• Introduction

    Sets contain an unordered collection of elements modelling the mathematical set. Maps make it possible to associate a key to another set of values. Hash tables are implementations of map structure. We have already seen search strategies for different data structures and the best ones with O(log2 n) are binary search (the data must be ordered) and a Binary search tree (the tree must be balanced). The question is can we do better than this?

    Consider storing a value k at array location k. In such a case, searching for a value k could use the array index directly. Such an operation is O(1) irrespective of the size of the array. In hashing, we map a given key to its corresponding array index location enabling search for an item in O(1).

    This week we will:
    Look at the Java Set and Map interfaces and how to use them
    Learn about hash coding and its use to facilitate efficient insertion, removal, and search
    Look at different forms of collision strategies for hash tables—open addressing and chaining—and to consider their relative benefits and performance trade-offs
  • The Set Interface

    A set is an unordered collection of elements containing no duplicates. Duplicates are however allowed for a multiset (bag).

    Java.util.Set interface is defined in Java Collections Framework
    (🔗 https://docs.oracle.com/javase/9/docs/api/java/util/Set.html) and defines the following methods:

    boolean add(E obj) – adds the specified element to this set if not already present
    boolean addAll(Collection c) -Adds all of the elements in the specified collection to this set if they're not already present
    boolean contains (Object o) - Returns true if this set contains the specified element
    boolean equals(Object o) - Compares the specified object with this set for equality
    boolean isEmpty() - Returns true if this set contains no elements
    boolean remove(Object o) - Removes the specified element from this set if it is present
    boolean removeAll(Collection c) - Removes from this set all of its elements that are contained in the specified collection
    int size( ) - Returns the number of elements in this set (its cardinality)

    In addition the fundamental set operations are also defined in the Java Set interface

    For two sets A = {10, 20, 30} and B = {2, 4, 6, 8, 10},

    The Union of the two sets A and B includes the elements that are in set A, B, or both and is represented as,

    A U B = {2, 4, 6, 8, 10, 20, 30}

    The intersection of the two sets A and B includes only the elements that are in both A and B and is represented as,

    A ∩ B = {10}

    The difference of the two sets A and B contains all the elements which are in A but not in B.

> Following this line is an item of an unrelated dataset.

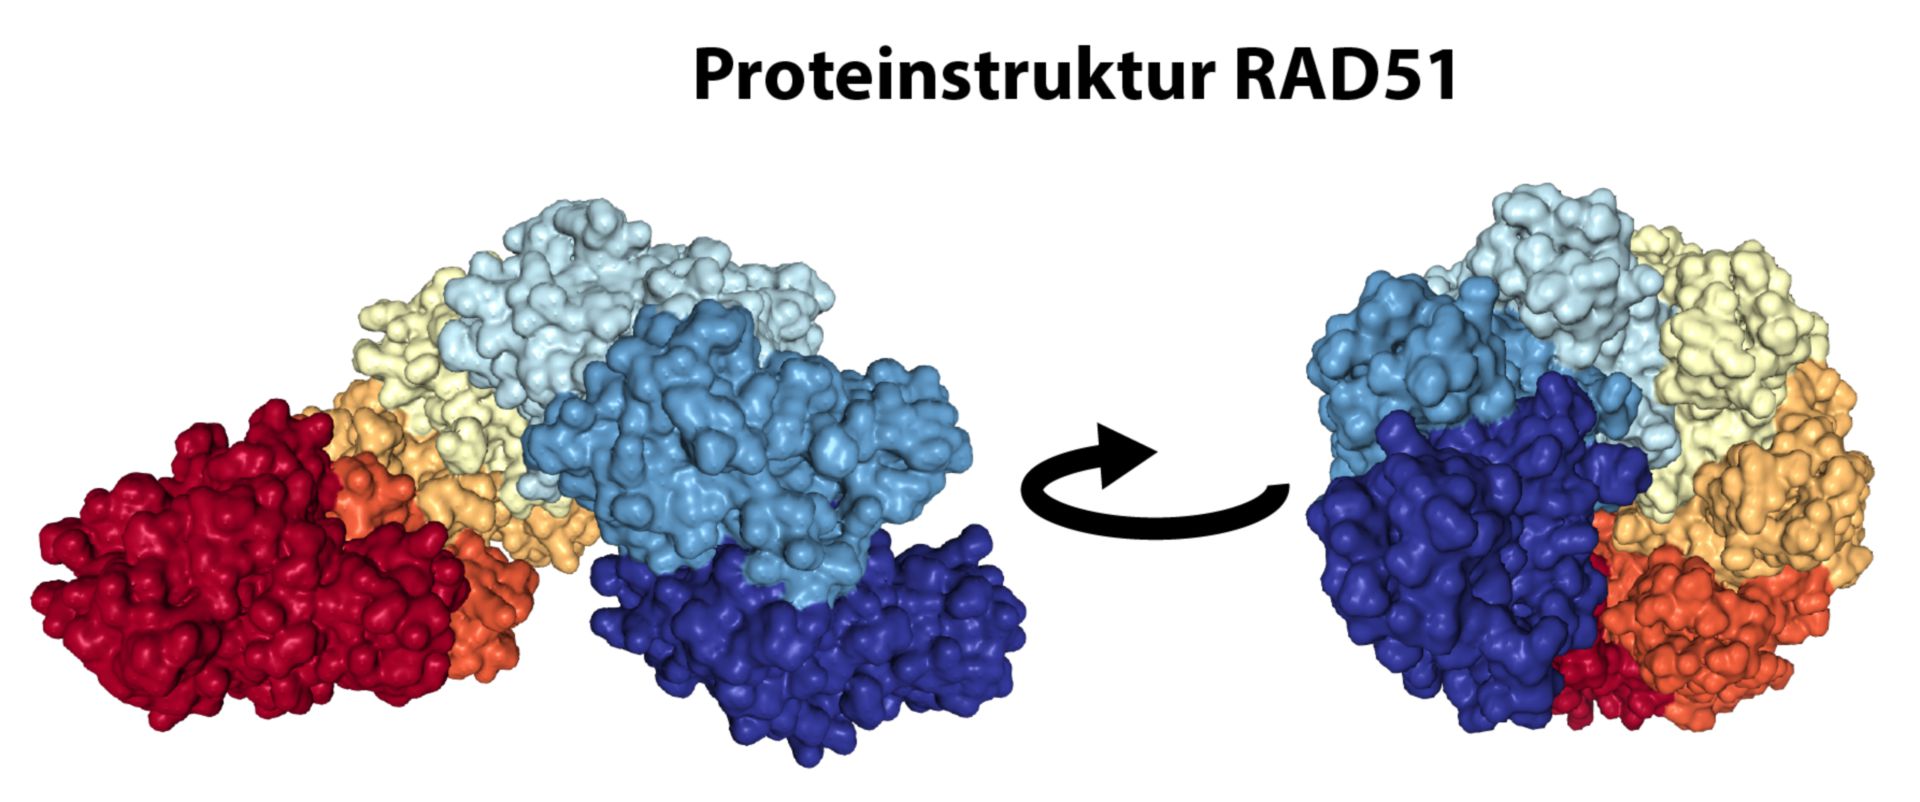 Proteinstruktur RAD51
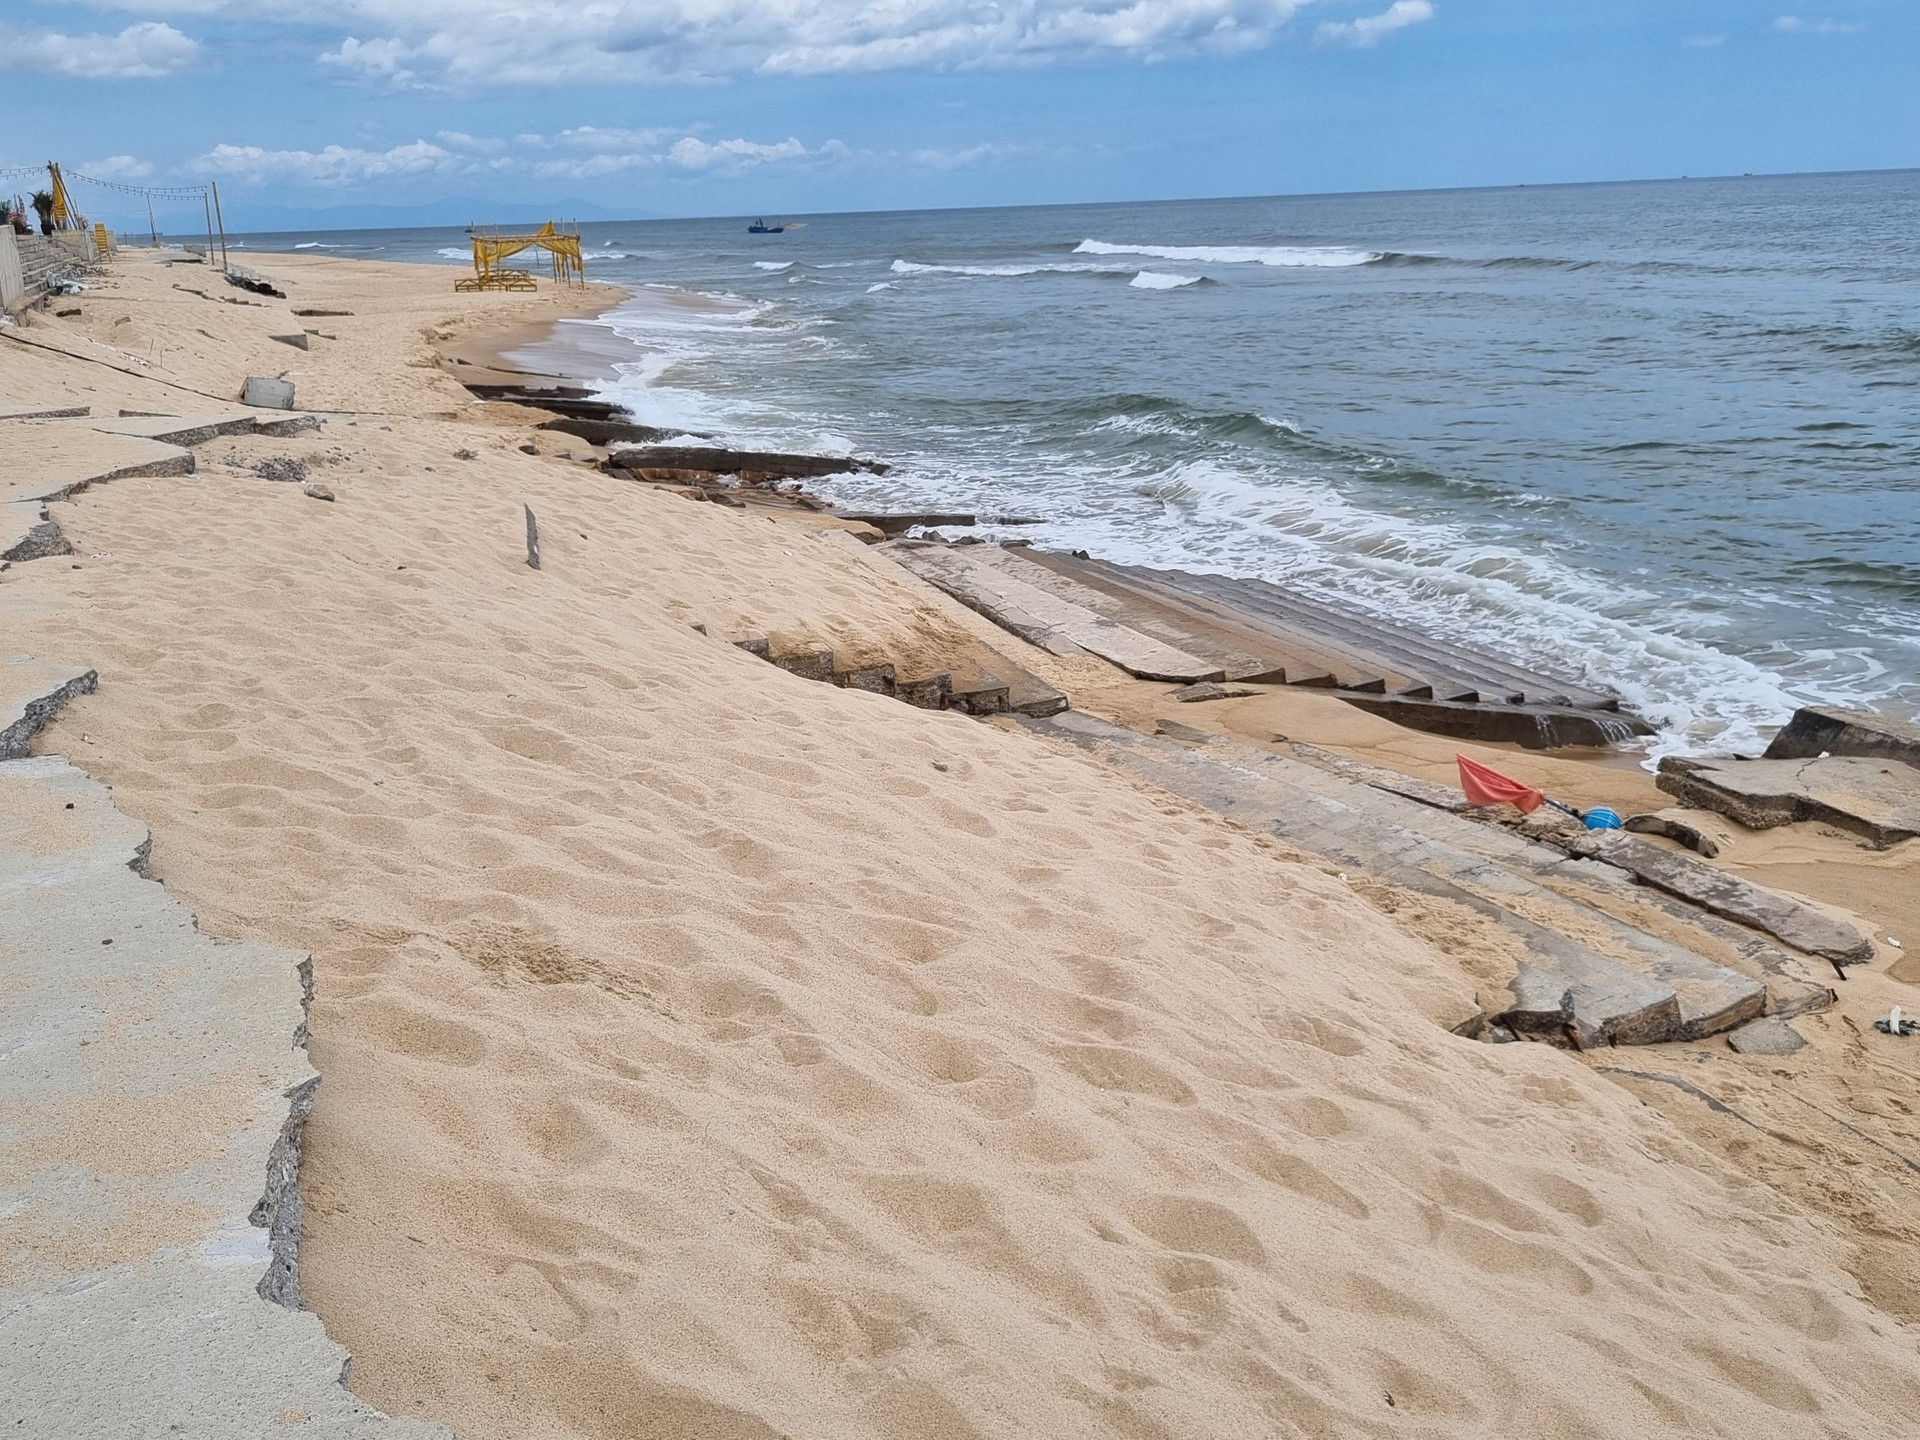 Đến tháng 10/2021, sóng biển tiếp tục làm nhiều đoạn kè mái taluy bằng tấm lát bê tông dài 800m khu vực Hải Thành - Quang Phú (TP Đồng Hới) bị hư hỏng, sập đổ với tổng chiều dài khoảng 200m.

    A-B = {20, 30}, similarly B – A = {2, 4, 6, 8}

    📷 addAll( ) method
    📷 removeAll() method

    Set<String> codes = new HashSet<>();
    codes.add("alpha");
    codes.add("beta");
    codes.add("zeta");
    codes.add("gamma");
                    
    System.out.println(codes); //prints [zeta, alpha, beta, gamma]
    System.out.println(codes.size()); //prints 4
    System.out.println(codes.contains("beta")); //prints true
             
    Iterator<String> iterator = codes.iterator();
    while (iterator.hasNext()) {
          String name = iterator.next();
          System.out.println(name);
    }
    
    X
    addAll Method Diagram
    X
    removeAll Method Diagram
  • Maps and The Map Interface

    Map is a set of ordered pairs containing a key and a value. Map provides quick storage and retrieval of the values using the key.

    A key provides a mapping from a keySet to a valueSet. The keys must be unique but valueSet may have duplicates, that is, more than one key could map to the same value. The stored value could be an aggregate item, for example, a keySet could contain the student ID whereas the valueSet could contain all the information about the student, such as, student name, email address, subjects enrolled, etc.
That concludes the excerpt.